'''

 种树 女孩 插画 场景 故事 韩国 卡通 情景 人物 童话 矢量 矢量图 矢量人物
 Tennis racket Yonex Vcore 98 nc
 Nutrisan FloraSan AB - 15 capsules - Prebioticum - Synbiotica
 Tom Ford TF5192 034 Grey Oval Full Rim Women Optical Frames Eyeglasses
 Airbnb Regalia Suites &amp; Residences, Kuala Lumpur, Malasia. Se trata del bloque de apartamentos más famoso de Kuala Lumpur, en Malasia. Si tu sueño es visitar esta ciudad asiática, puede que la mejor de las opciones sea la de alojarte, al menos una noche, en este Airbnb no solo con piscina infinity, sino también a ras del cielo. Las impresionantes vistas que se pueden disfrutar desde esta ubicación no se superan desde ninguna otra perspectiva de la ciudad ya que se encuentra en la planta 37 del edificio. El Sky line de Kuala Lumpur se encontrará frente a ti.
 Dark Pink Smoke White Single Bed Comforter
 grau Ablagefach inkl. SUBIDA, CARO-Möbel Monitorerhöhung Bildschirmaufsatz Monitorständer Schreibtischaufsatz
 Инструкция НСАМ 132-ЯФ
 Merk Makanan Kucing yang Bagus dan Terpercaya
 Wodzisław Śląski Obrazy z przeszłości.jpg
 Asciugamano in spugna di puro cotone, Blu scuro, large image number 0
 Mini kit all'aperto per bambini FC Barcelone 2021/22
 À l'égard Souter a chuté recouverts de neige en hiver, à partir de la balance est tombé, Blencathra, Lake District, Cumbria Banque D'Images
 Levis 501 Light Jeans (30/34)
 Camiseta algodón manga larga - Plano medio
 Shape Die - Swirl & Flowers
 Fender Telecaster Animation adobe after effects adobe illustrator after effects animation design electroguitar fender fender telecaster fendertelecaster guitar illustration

'''

- **Aim of the exercise**: Everything from the line containing "Asciugamano in spugna" to the last line of the material above should be printed exactly, both ends included.

- **Response to this exercise**:
 Asciugamano in spugna di puro cotone, Blu scuro, large image number 0
 Mini kit all'aperto per bambini FC Barcelone 2021/22
 À l'égard Souter a chuté recouverts de neige en hiver, à partir de la balance est tombé, Blencathra, Lake District, Cumbria Banque D'Images
 Levis 501 Light Jeans (30/34)
 Camiseta algodón manga larga - Plano medio
 Shape Die - Swirl & Flowers
 Fender Telecaster Animation adobe after effects adobe illustrator after effects animation design electroguitar fender fender telecaster fendertelecaster guitar illustration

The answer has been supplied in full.